Он и в будничной беседе продолжал словесное творчество, с удовольствием повторял удачную фразу, с ходу изменял неудачную. Умел помочь собеседнику, толкующему о своем долго, туманно, витиевато, выразить ускользающую мысль коротко и ясно. Мог сбить неуместный пафос рассказчика одним лукаво произнесенным словом. Очень хорошо подхватывал чужую мысль и заканчивал ее в своем ироническом ключе. Однажды мы сидели в комнате однокурсницы, и хозяйка пожаловалась, что уже пятый год учится фотографировать — и все без толку. Я, смеясь, сказал:
— Только женщина может столько лет осваивать несложное дело…
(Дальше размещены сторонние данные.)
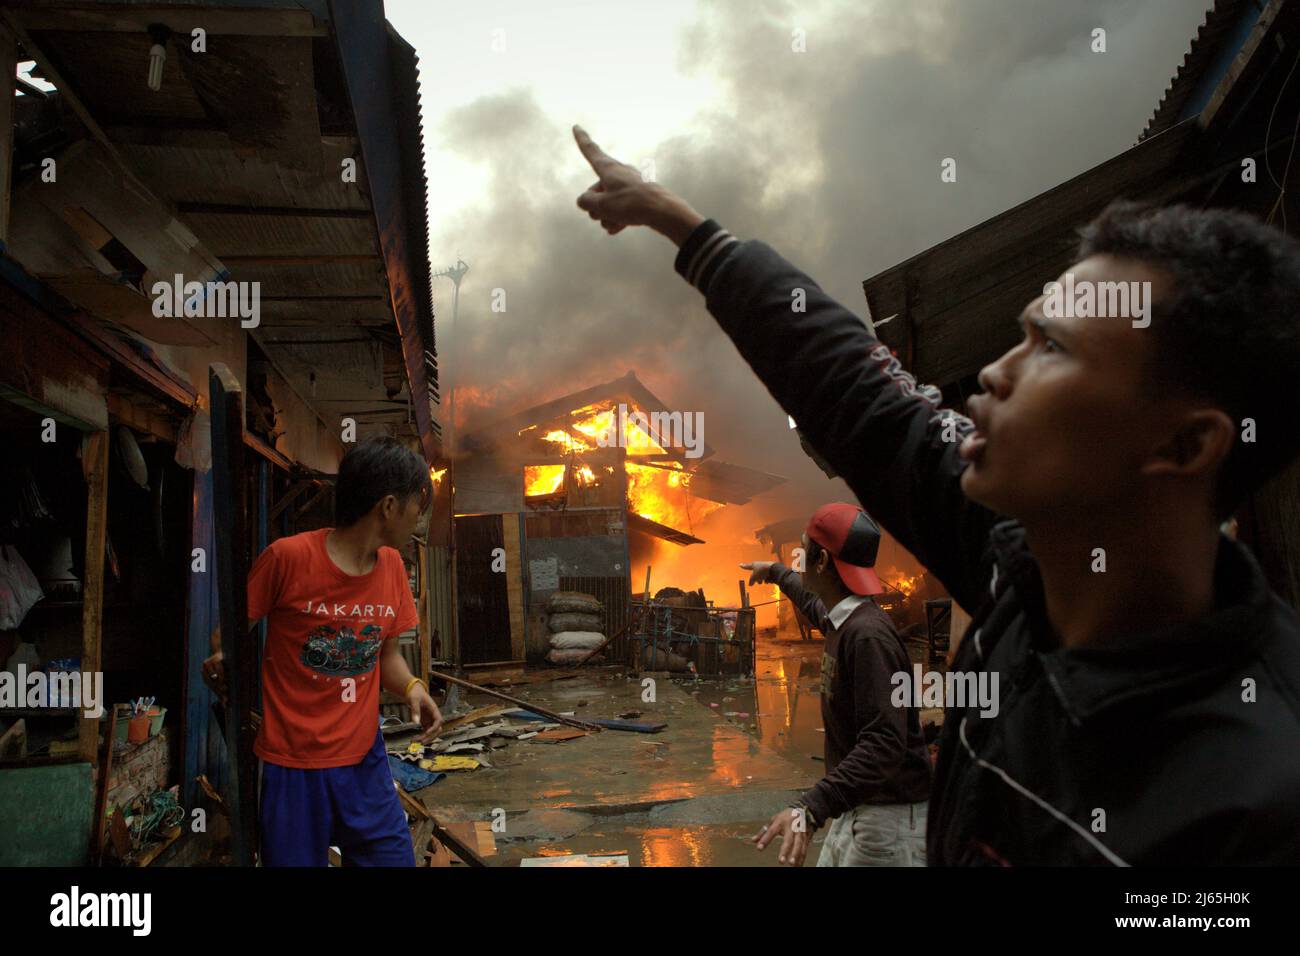 Bewohner koordinieren sich, während sie versuchen, bei der Brandbekämpfung zu helfen, da ein Feuerunfall in einem dichten Viertel in Penjaringan, Nord-Jakarta, Jakarta, Indonesien, brennt. Im Zeitraum von zehn Jahren (2011-2020) kamen 269 Menschen durch Brandunfälle ums Leben – durchschnittlich 26,9 pro Jahr. Es gab 164 Fälle von Feuerwehrleuten, die bei Löscharbeiten verletzt wurden. Ein Feuerwehrmann verlor im gleichen Zeitraum das Leben. Stockfoto

— …и, наконец, заявить, что оно непостижимо, — закончил Саша.
В нашей болтовне часто шли в ход фразы классиков, вроде чеховских: «Что такое слезы человеческие? Малодушная психиатрия, и больше ничего!» или «Человек вы почтенный, а с женщинами держите себя так, как какой-нибудь Джэк». А уже как продолжение этих шуток — собственное вампиловское творчество: «Я впечатлительный — я жениться могу»; «Впал в бесскандальное элегическое настроение»; «Шел с пьяной грацией».
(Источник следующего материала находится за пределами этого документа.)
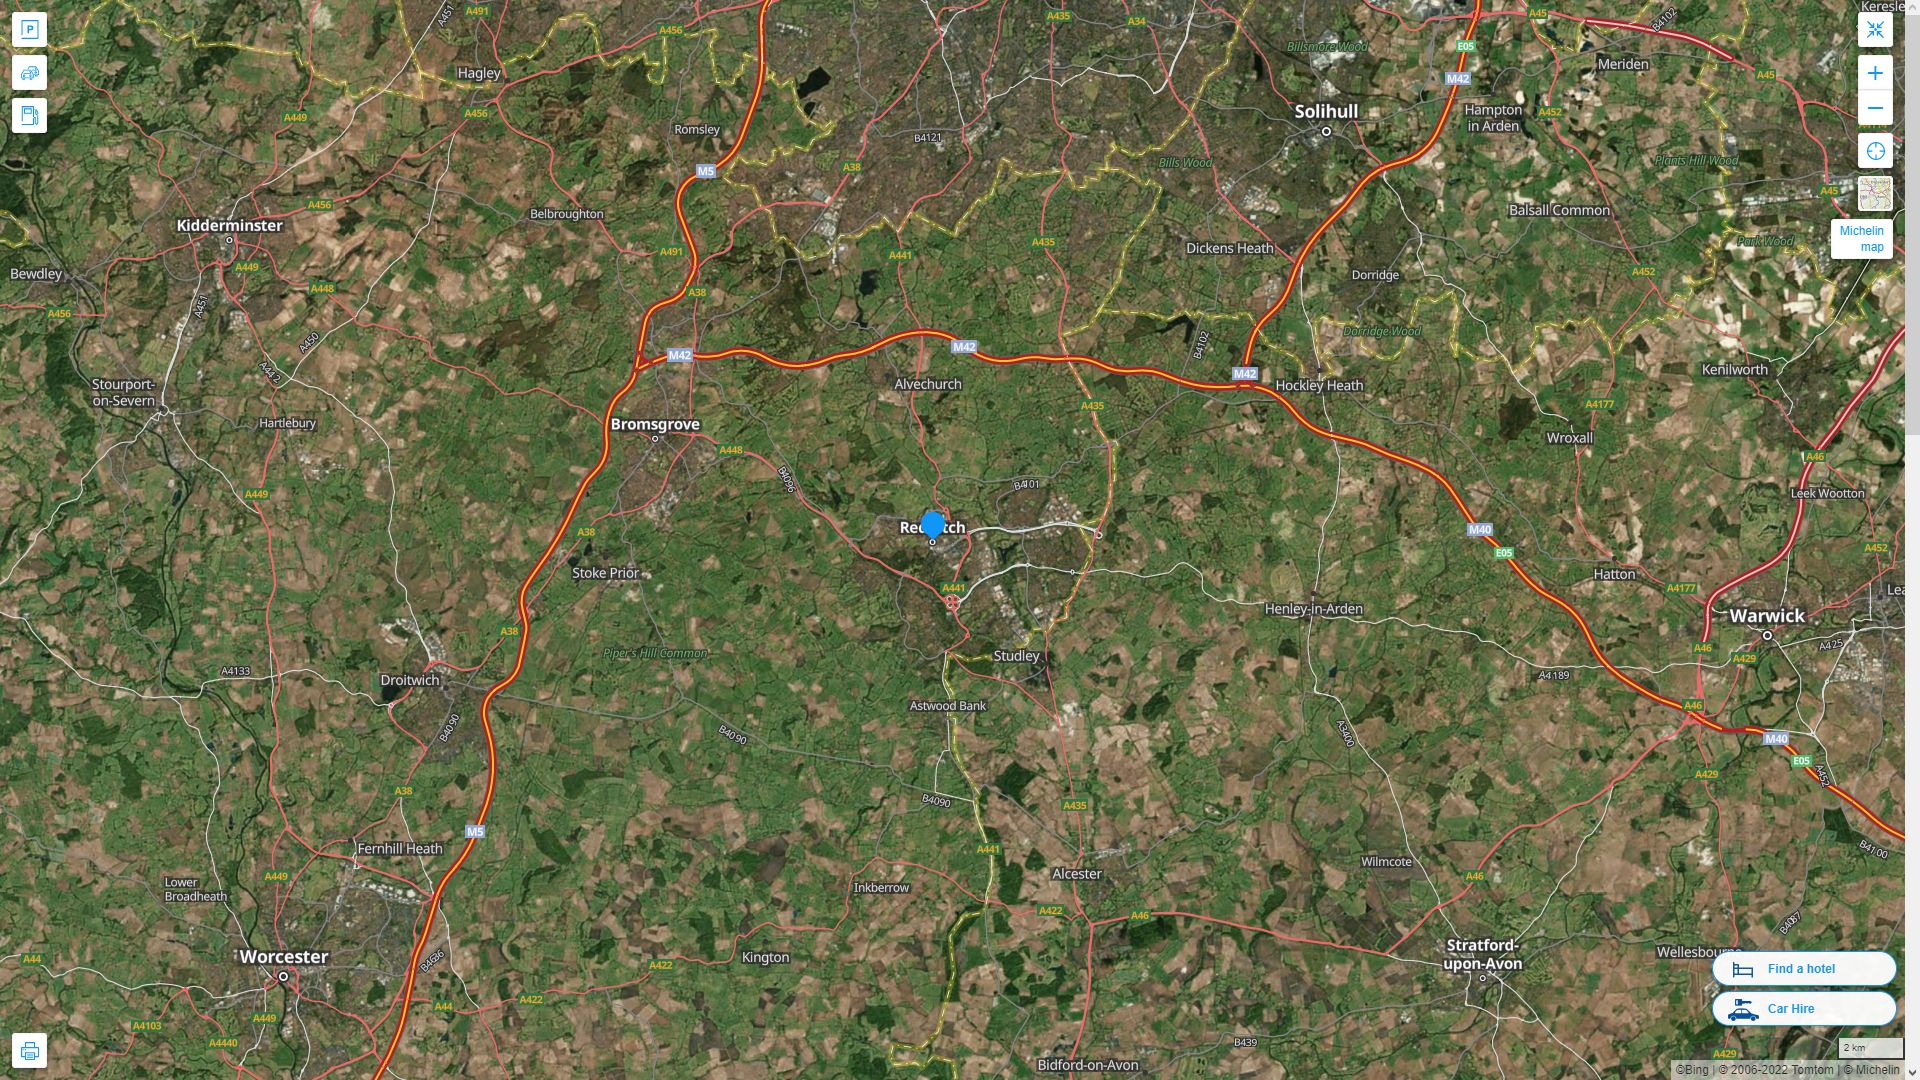 Redditch Royaume Uni Autoroute et carte routiere avec vue satellite

Какие еще качества выделяли его? В нем было необыкновенно развито чувство товарищества. Он не жалел для друзей ничего: ни душевных сил, ни времени, ни средств. «Сам погибай, а товарища выручай» — по этой русской пословице он поступил и в последние минуты своей жизни.
У него, например, было правило: всюду, где приходилось платить деньги — в столовой, в кинотеатре, у входа на танцплощадку, — он рассчитывался только сам. Ты мог сделать это лишь тогда, когда у Саши не оказывалось денег. И голодным ты ходил только в том случае, когда в кармане Вампилова, как и у тебя, не оставалось ни гроша.
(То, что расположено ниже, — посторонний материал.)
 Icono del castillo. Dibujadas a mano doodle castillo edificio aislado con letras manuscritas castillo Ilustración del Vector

Но важнее было другое — тонкость и деликатность, которые Вампилов вносил в отношения товарищества. Мне трудно подтвердить это каким-то особенным, убедительным примером из нашей тогдашней жизни. То, о чем я говорю, пропитывало и речь, и поступки, и все поведение Александра.
В учебе ребята нашей группы, в том числе и Вампилов, особого рвения не проявляли. Стипендию, правда, все студенческие годы получал каждый. Это значит, что провала или посредственной оценки на экзаменах мы избегали (с «тройками» тогда стипендию не давали). Но стремления к высоким оценкам, к успехам пусть не во всех, но хотя бы в отдельных университетских дисциплинах, никто не выказывал. Отчасти это объяснялось, наверное, тем, что лекций, которые вызывали бы особый интерес, оживленные толки и обсуждения в студенческой среде, не читалось. Разумеется, были преподаватели, любящие свой предмет. Но не возникало между нами и большинством наших наставников особой душевной привязанности. И сейчас, когда я читаю в статьях о Вампилове утверждения, что кто-то из университетских преподавателей сразу приметил в студенческой массе «паренька с живыми азиатскими глазами», «тонкими артистическими пальцами» или что его страсть к книгам и театру «умело подогревалась» дальновидными профессорами, то мысленно говорю авторам: не лукавьте, выдавая за истину ваши домыслы. Наоборот, можно только удивляться, что в те времена мало кто из педагогов университета интересовался творчеством студента, который в течение трех лет, начиная с третьего курса, постоянно публиковал в вузовской многотиражке оригинальные рассказы.
Конечно, наставники наши читали их, возможно, даже отмечали для себя, в уме, что автор не без способностей, но никто не проявил желания и не нашел времени, чтобы поговорить с ним; исключение — Василий Прокопьевич Трушкин, опекавший начинающих авторов в литературном объединении.
А обыденные отношения с педагогами — что ж, они были добрыми, иногда, на строгий административный взгляд, даже непозволительно дружескими. К примеру, старший преподаватель С., который вел курс «литературное редактирование», аттестовал нас в конце года так: побеседовал со всеми разом, поставил каждому желанный зачет и тепло попрощался.
Бывали и курьезные случаи. На экзамен по истории КПСС мы пришли в неважной форме: так уж совпало, что накануне вечером отметили в общежитии чей-то день рождения. Саше выпал билет, согласно которому он должен был рассказать о десяти «сталинских ударах», повергших фашистскую Германию в прах. Дело было уже после XX съезда партии, ореол «вождя народов» померк, но — странное дело — миф о полководческом даре вождя продолжал жить, во всяком случае, в вузовских учебных программах. И по воспетому Сашей «стечению обстоятельств» рассказывать мифическую историю разработки «гениальным стратегом» известных военных операций выпало ему, сыну «врага народа»!